# Task requirements:
Give every entry again, word for word and in full.

Saved data entries
────────────────────
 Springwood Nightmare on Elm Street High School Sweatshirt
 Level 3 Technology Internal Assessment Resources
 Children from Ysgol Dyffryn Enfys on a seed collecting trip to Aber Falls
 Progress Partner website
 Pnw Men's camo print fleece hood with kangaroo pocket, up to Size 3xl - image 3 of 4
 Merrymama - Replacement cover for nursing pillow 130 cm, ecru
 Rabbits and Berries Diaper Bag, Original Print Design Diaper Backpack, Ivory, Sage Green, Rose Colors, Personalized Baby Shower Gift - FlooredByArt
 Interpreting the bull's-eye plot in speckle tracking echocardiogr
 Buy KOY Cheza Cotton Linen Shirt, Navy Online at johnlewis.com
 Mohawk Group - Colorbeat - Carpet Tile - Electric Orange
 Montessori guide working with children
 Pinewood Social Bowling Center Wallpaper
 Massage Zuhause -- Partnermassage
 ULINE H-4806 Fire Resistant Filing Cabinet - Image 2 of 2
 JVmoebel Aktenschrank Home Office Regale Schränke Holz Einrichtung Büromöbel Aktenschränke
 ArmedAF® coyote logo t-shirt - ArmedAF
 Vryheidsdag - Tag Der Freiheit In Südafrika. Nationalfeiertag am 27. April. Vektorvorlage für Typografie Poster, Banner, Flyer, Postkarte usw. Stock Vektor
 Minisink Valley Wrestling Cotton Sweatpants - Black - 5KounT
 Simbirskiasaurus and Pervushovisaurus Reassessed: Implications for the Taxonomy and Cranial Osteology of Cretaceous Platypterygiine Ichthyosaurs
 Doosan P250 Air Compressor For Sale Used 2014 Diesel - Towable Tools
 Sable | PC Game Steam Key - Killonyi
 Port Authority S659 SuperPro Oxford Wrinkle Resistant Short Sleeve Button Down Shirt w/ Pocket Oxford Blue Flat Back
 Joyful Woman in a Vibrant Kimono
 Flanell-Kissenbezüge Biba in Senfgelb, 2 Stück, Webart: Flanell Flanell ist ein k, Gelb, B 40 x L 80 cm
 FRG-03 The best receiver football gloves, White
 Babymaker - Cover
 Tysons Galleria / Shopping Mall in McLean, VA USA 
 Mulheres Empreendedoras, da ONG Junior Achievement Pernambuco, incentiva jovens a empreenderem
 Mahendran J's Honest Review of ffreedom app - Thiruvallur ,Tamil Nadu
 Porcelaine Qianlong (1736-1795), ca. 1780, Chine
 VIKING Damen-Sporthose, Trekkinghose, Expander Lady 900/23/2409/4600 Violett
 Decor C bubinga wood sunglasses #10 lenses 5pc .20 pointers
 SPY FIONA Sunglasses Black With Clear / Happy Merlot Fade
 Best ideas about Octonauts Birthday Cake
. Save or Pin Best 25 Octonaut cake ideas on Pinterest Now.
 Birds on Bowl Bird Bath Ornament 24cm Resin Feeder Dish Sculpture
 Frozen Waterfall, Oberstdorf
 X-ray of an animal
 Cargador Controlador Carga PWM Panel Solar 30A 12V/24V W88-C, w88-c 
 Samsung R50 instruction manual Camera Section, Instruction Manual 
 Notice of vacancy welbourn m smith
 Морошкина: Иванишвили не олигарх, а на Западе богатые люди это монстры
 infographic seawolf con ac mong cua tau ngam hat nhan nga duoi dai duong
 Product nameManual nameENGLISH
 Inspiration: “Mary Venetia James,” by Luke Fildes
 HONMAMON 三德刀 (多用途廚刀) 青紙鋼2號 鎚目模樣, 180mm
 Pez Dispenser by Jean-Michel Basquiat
────────────────────
# Answer area:
 Springwood Nightmare on Elm Street High School Sweatshirt
 Level 3 Technology Internal Assessment Resources
 Children from Ysgol Dyffryn Enfys on a seed collecting trip to Aber Falls
 Progress Partner website
 Pnw Men's camo print fleece hood with kangaroo pocket, up to Size 3xl - image 3 of 4
 Merrymama - Replacement cover for nursing pillow 130 cm, ecru
 Rabbits and Berries Diaper Bag, Original Print Design Diaper Backpack, Ivory, Sage Green, Rose Colors, Personalized Baby Shower Gift - FlooredByArt
 Interpreting the bull's-eye plot in speckle tracking echocardiogr
 Buy KOY Cheza Cotton Linen Shirt, Navy Online at johnlewis.com
 Mohawk Group - Colorbeat - Carpet Tile - Electric Orange
 Montessori guide working with children
 Pinewood Social Bowling Center Wallpaper
 Massage Zuhause -- Partnermassage
 ULINE H-4806 Fire Resistant Filing Cabinet - Image 2 of 2
 JVmoebel Aktenschrank Home Office Regale Schränke Holz Einrichtung Büromöbel Aktenschränke
 ArmedAF® coyote logo t-shirt - ArmedAF
 Vryheidsdag - Tag Der Freiheit In Südafrika. Nationalfeiertag am 27. April. Vektorvorlage für Typografie Poster, Banner, Flyer, Postkarte usw. Stock Vektor
 Minisink Valley Wrestling Cotton Sweatpants - Black - 5KounT
 Simbirskiasaurus and Pervushovisaurus Reassessed: Implications for the Taxonomy and Cranial Osteology of Cretaceous Platypterygiine Ichthyosaurs
 Doosan P250 Air Compressor For Sale Used 2014 Diesel - Towable Tools
 Sable | PC Game Steam Key - Killonyi
 Port Authority S659 SuperPro Oxford Wrinkle Resistant Short Sleeve Button Down Shirt w/ Pocket Oxford Blue Flat Back
 Joyful Woman in a Vibrant Kimono
 Flanell-Kissenbezüge Biba in Senfgelb, 2 Stück, Webart: Flanell Flanell ist ein k, Gelb, B 40 x L 80 cm
 FRG-03 The best receiver football gloves, White
 Babymaker - Cover
 Tysons Galleria / Shopping Mall in McLean, VA USA 
 Mulheres Empreendedoras, da ONG Junior Achievement Pernambuco, incentiva jovens a empreenderem
 Mahendran J's Honest Review of ffreedom app - Thiruvallur ,Tamil Nadu
 Porcelaine Qianlong (1736-1795), ca. 1780, Chine
 VIKING Damen-Sporthose, Trekkinghose, Expander Lady 900/23/2409/4600 Violett
 Decor C bubinga wood sunglasses #10 lenses 5pc .20 pointers
 SPY FIONA Sunglasses Black With Clear / Happy Merlot Fade
 Best ideas about Octonauts Birthday Cake
. Save or Pin Best 25 Octonaut cake ideas on Pinterest Now.
 Birds on Bowl Bird Bath Ornament 24cm Resin Feeder Dish Sculpture
 Frozen Waterfall, Oberstdorf
 X-ray of an animal
 Cargador Controlador Carga PWM Panel Solar 30A 12V/24V W88-C, w88-c 
 Samsung R50 instruction manual Camera Section, Instruction Manual 
 Notice of vacancy welbourn m smith
 Морошкина: Иванишвили не олигарх, а на Западе богатые люди это монстры
 infographic seawolf con ac mong cua tau ngam hat nhan nga duoi dai duong
 Product nameManual nameENGLISH
 Inspiration: “Mary Venetia James,” by Luke Fildes
 HONMAMON 三德刀 (多用途廚刀) 青紙鋼2號 鎚目模樣, 180mm
 Pez Dispenser by Jean-Michel Basquiat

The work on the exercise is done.